Causal attributions related to behavioral risk factors were assessed using the item On a scale from 1 to 7 where 1 is Not at all and 7 is Completely, how much do you think health habits such as diet, exercise, and smoking determine whether or not a person will develop each of the following conditions? Attributions related to genetic make-up were assessed using the item On a scale from 1 to 7 where 1 is Not at all and 7 is Completely, how much do you think genetic make-up, that is characteristics that are passed from one generation to the next, determines whether or not a person will develop the following conditions?

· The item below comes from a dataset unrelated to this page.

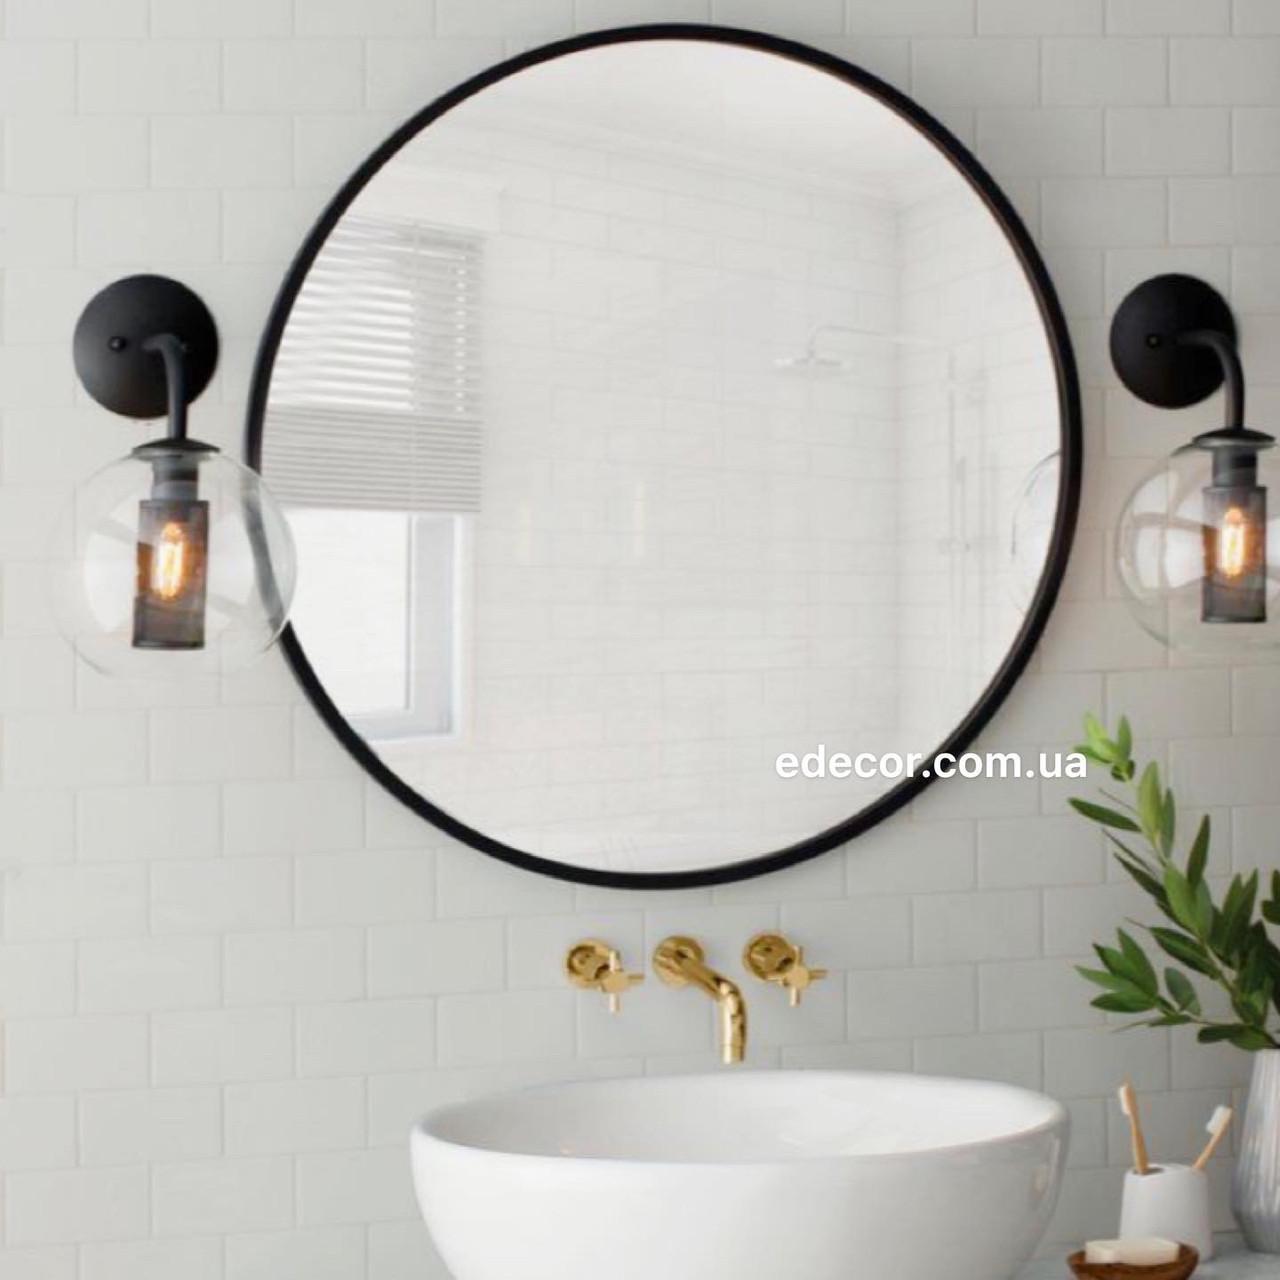 Зеркало в ванную Round

These items were combined to compute a new variable ranging from 0 to 1 indicating a participant's perceptions of the relative contribution of genetic to behavior as causes for each of the health conditions. At the extreme value of 0, the person attributes the health condition entirely to behavior. At the extreme value of 1, the person attributes it entirely to genes. At the mid-point (0.50), the person attributes the condition equally to genes and behavior.

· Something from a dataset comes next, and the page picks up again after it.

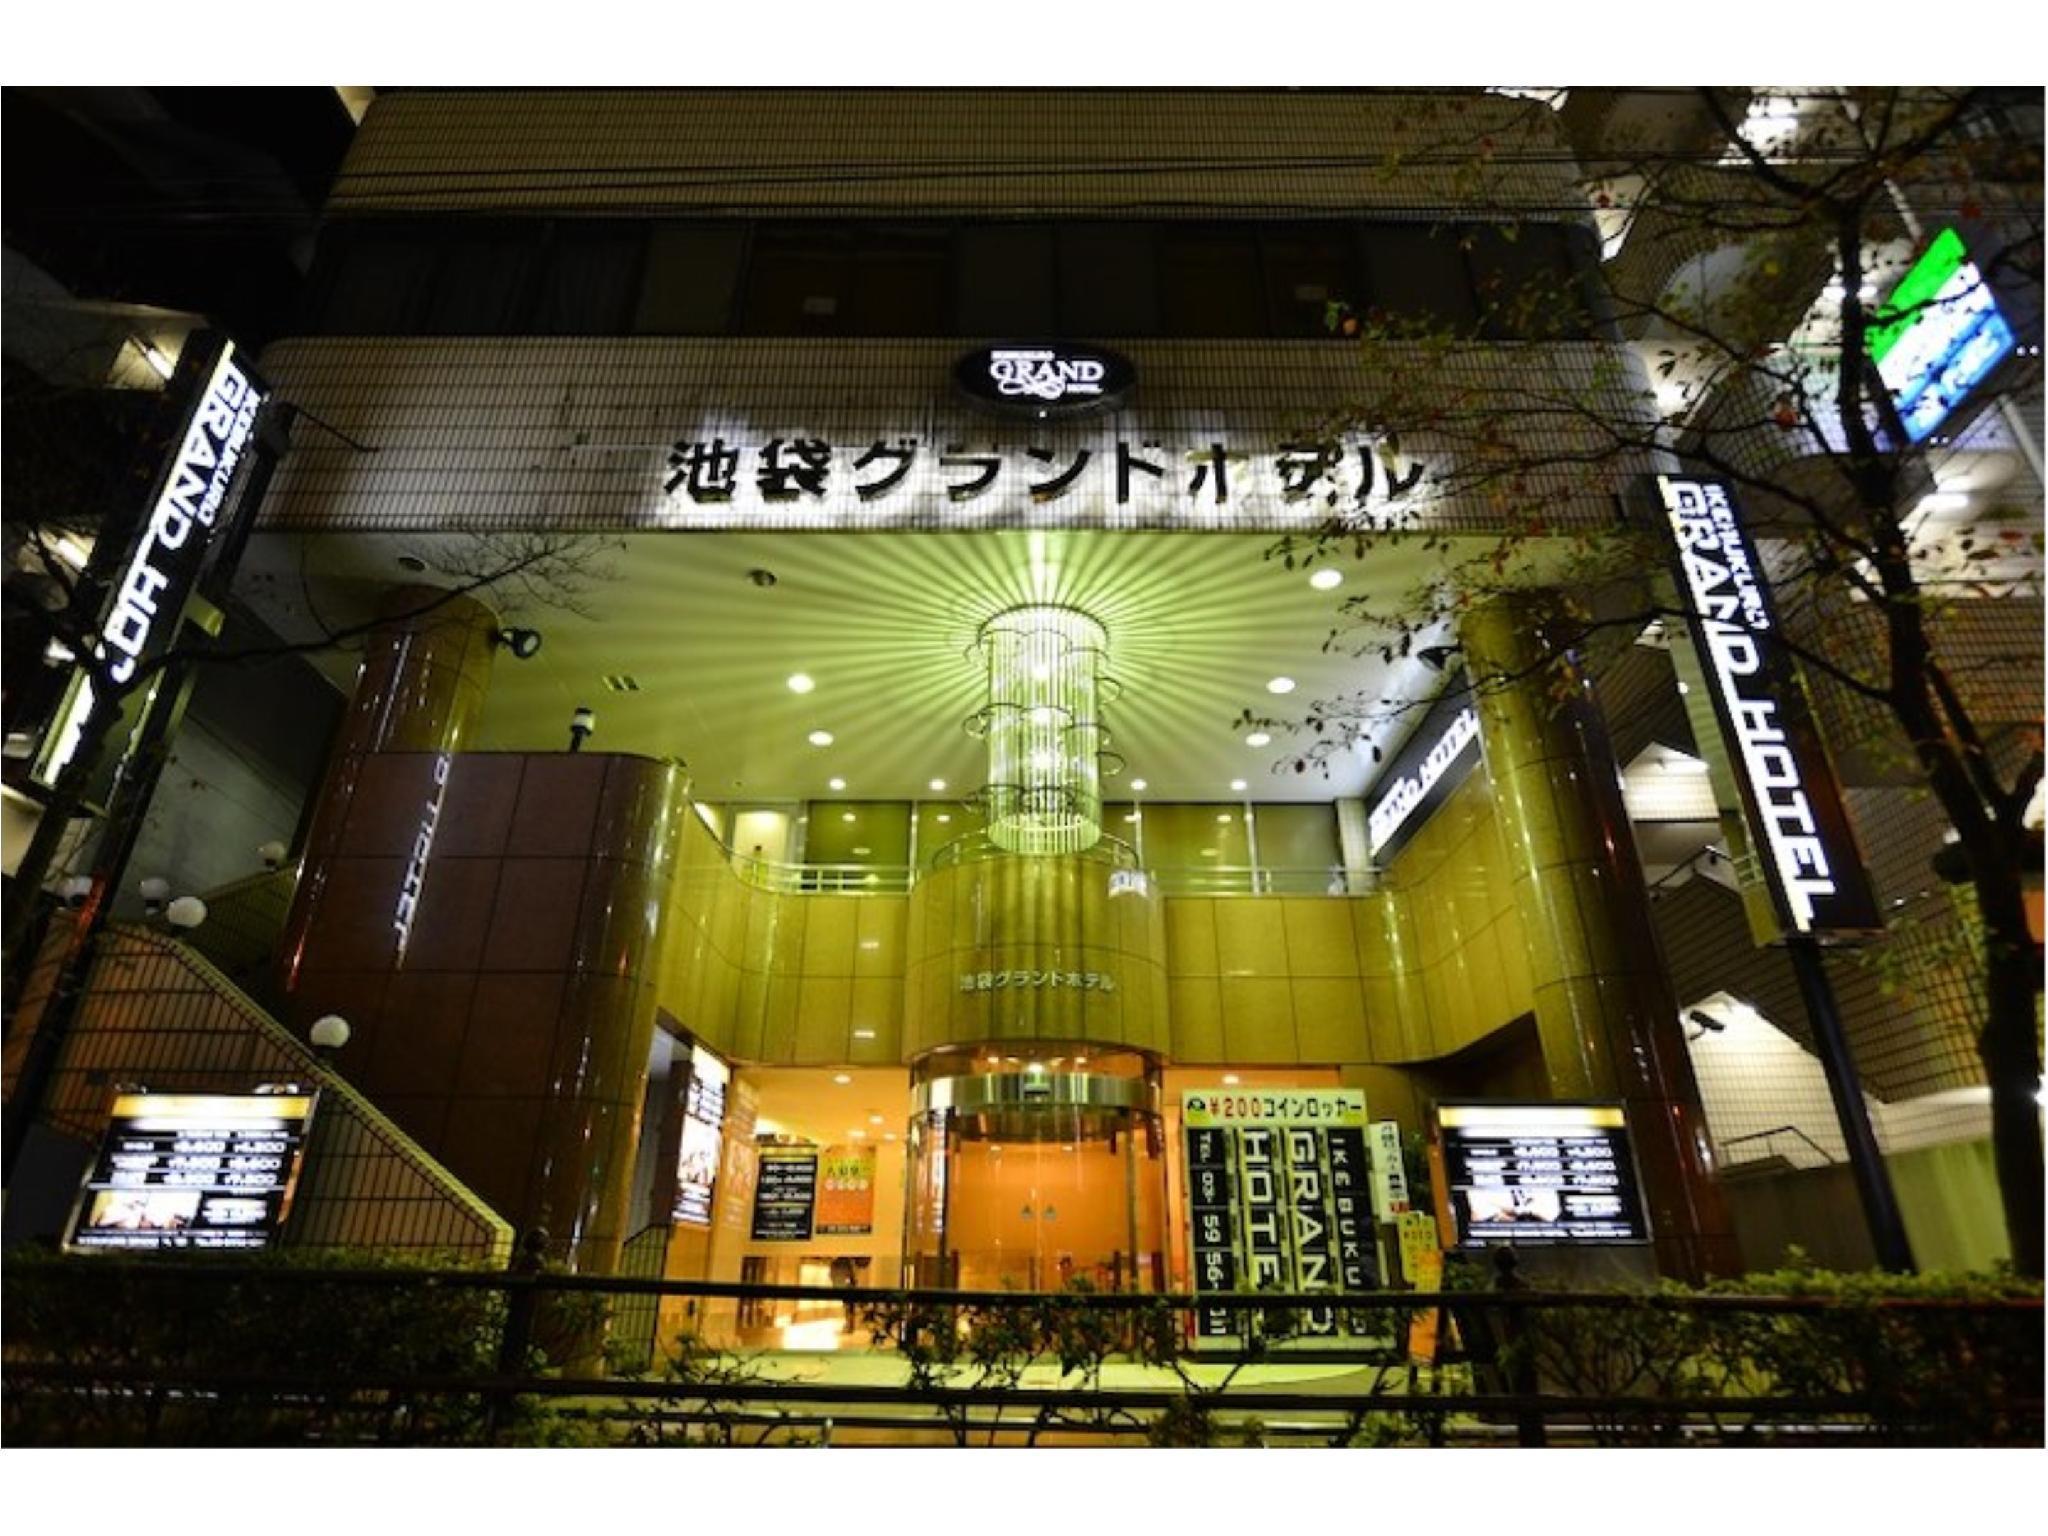 Ikebukuro Grand Hotel

Information Preference Outcomes, based on genetic and behavioral risk factors, were assessed using two items. Preferences for behaviorally-based information was assessed using the item On a scale from 1 to 7 where 1 is Not at all important and 7 is Very important, how important is it to you to learn more about how your health habits affect your chance of getting a certain health condition? Preferences for information related to genetic make-up were assessed using the item On a scale from 1 to 7 where 1 is Not at all important and 7 is Very important, how important is it for you to learn more about how your genes, that is the characteristics that are passed from one generation to the next, affect your chance of getting certain health conditions? Due to the skewed distribution of these items, each was dichotomized (1-5 = Less important, 6-7 = More important).

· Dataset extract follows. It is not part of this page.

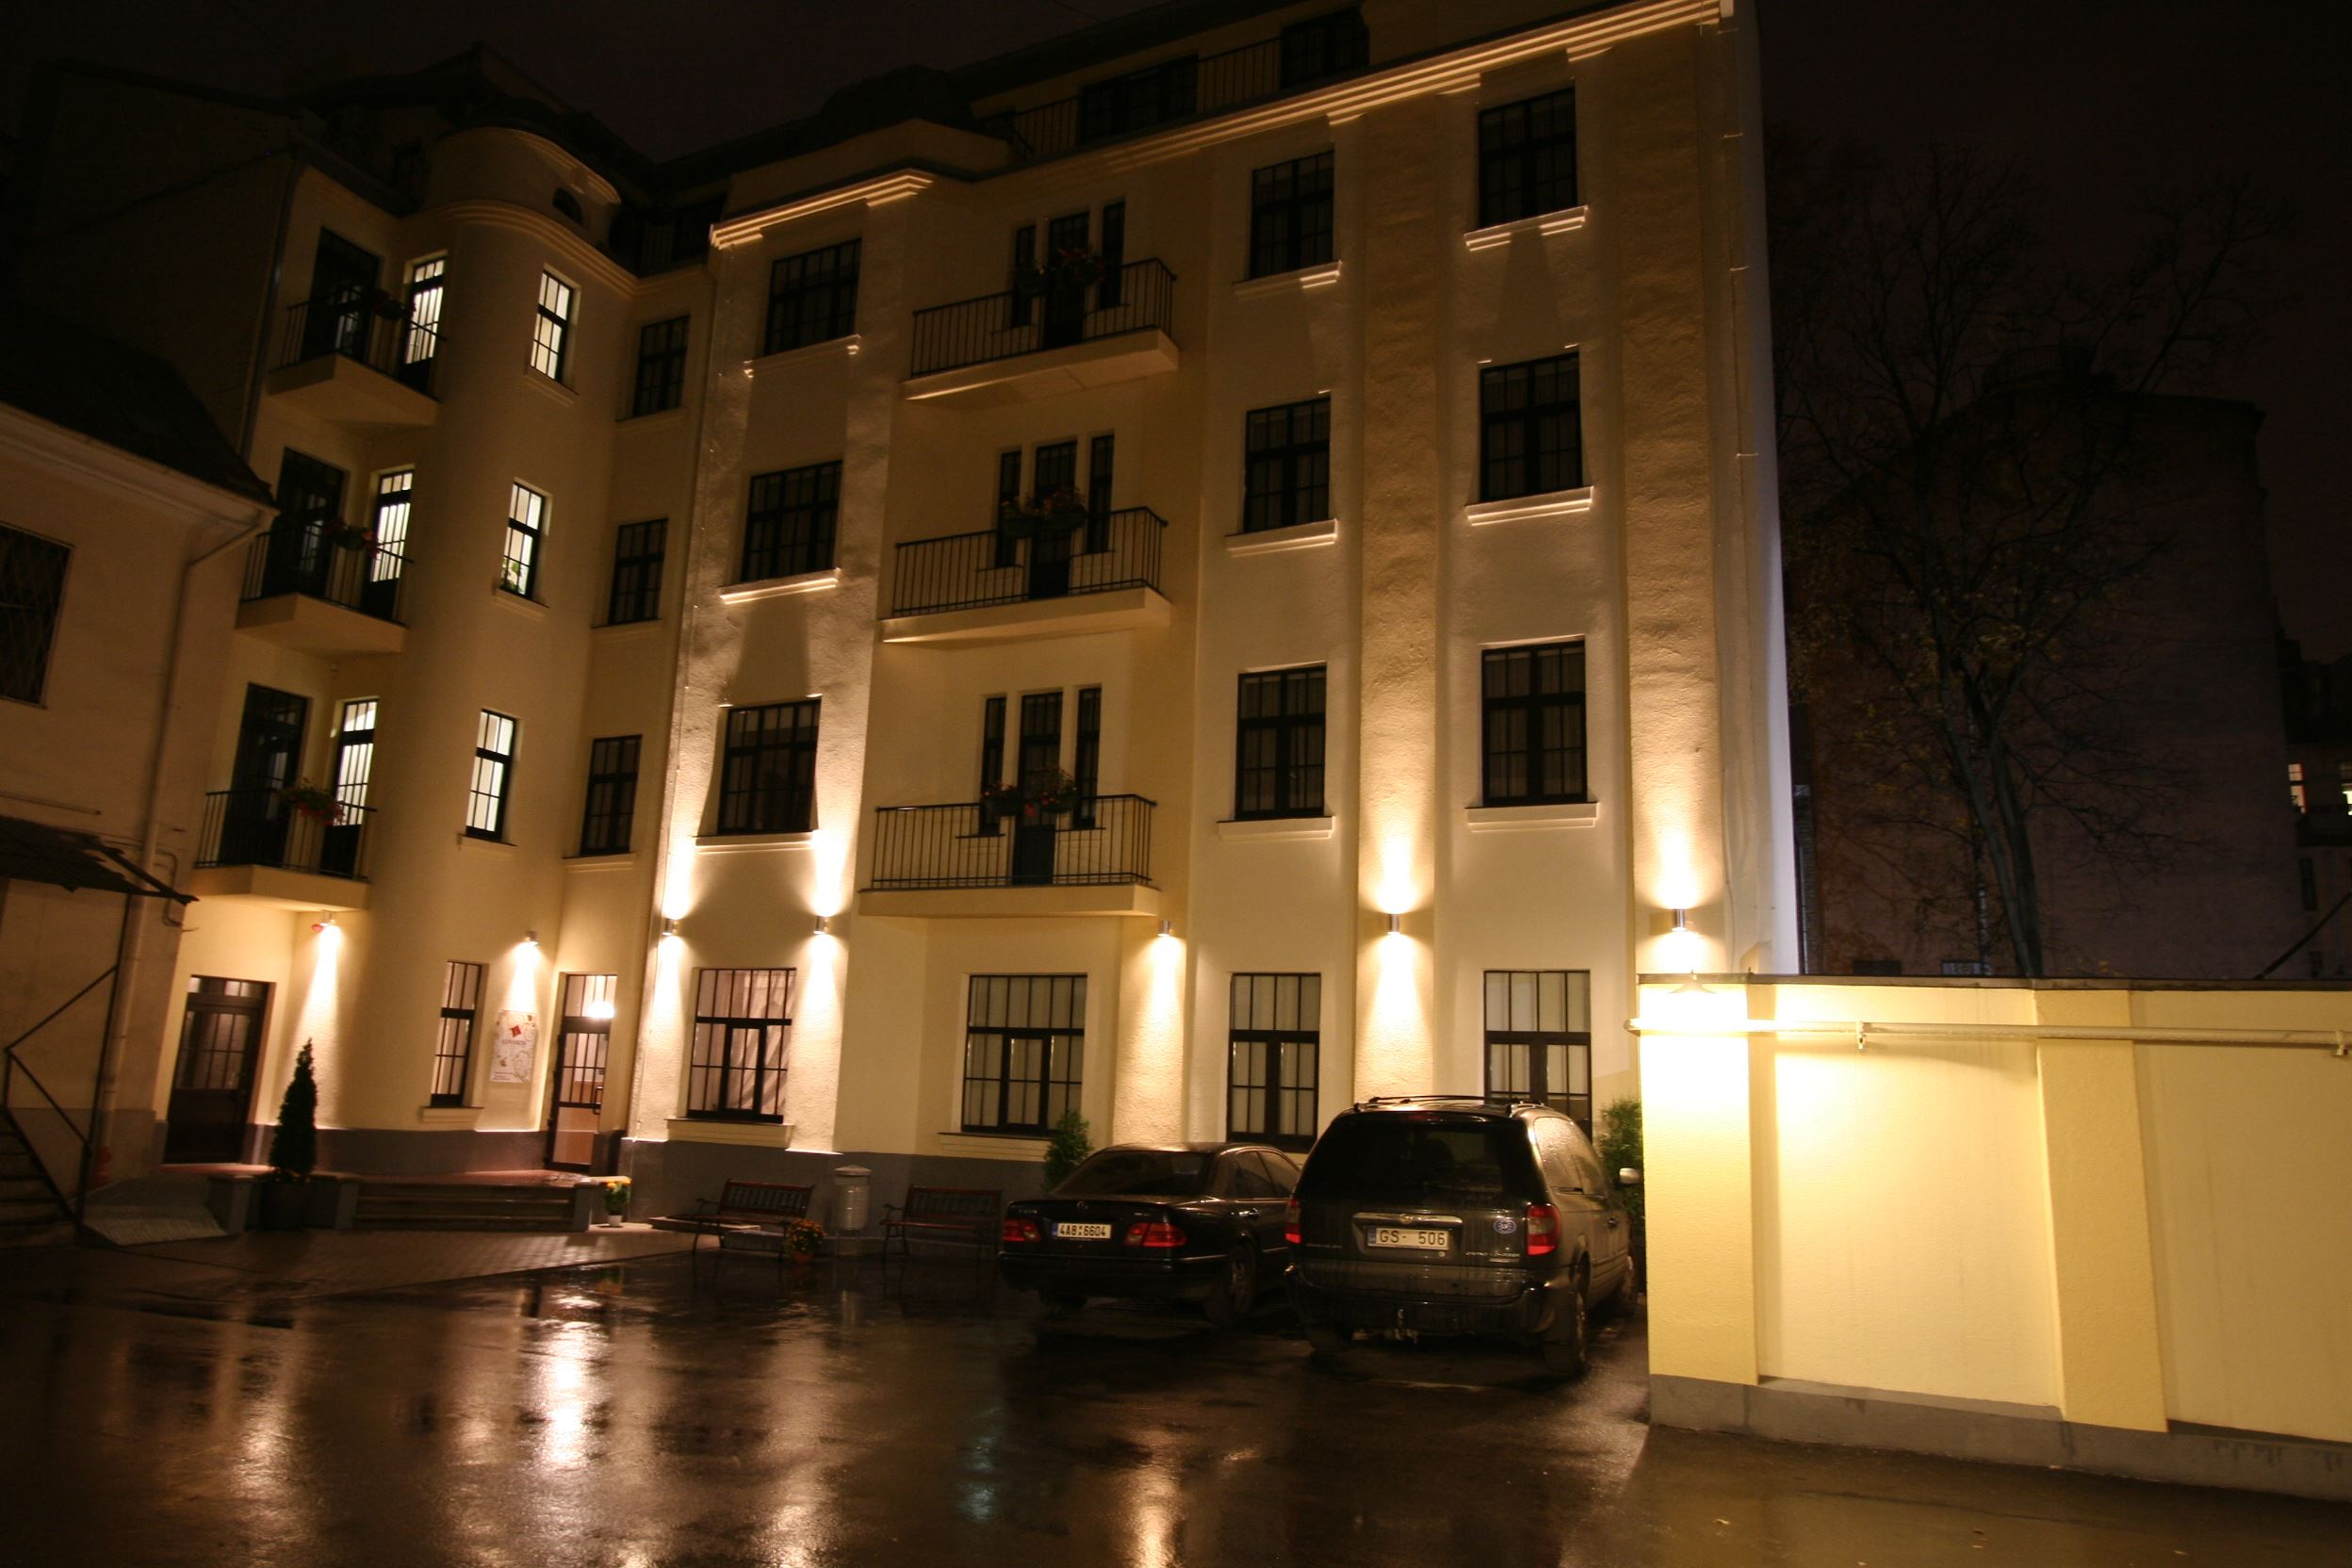 Edvards hotel

Covariates, including age, gender, marital status (married/partnered v. other), and race (White, African American, Other) were assessed with standard items.

Data Analysis

We generated frequency distributions and descriptive statistics to determine the participants’ sociodemographics and to determine variable frequencies and distributions. We conducted bivariate analyses to determine the relationships between covariates and outcomes. Significant covariates were entered into our multivariate models.

Mediation analyses would have been the preferred method for understanding whether behavioral risk and family history impacted information outcomes through the causal attributions held by those at risk. We did not pursue specific mediation analyses given our cross-sectional data [48]. However, we did follow the steps of mediation analyses, without formally testing statistical significance of mediation. This approach enabled an orderly approach to assessing the interrelationships among our variables prior to entering predictors into our final multivariate models. These steps included testing the associations between (1) the predictors (behavioral risk and family history) and the outcome (information preferences), (2) the predictors and the mediator (attributions), and (3) the mediator and the outcome, as well as (4) the final model, which incorporates the predictors and the mediator to predict the outcome [49-51].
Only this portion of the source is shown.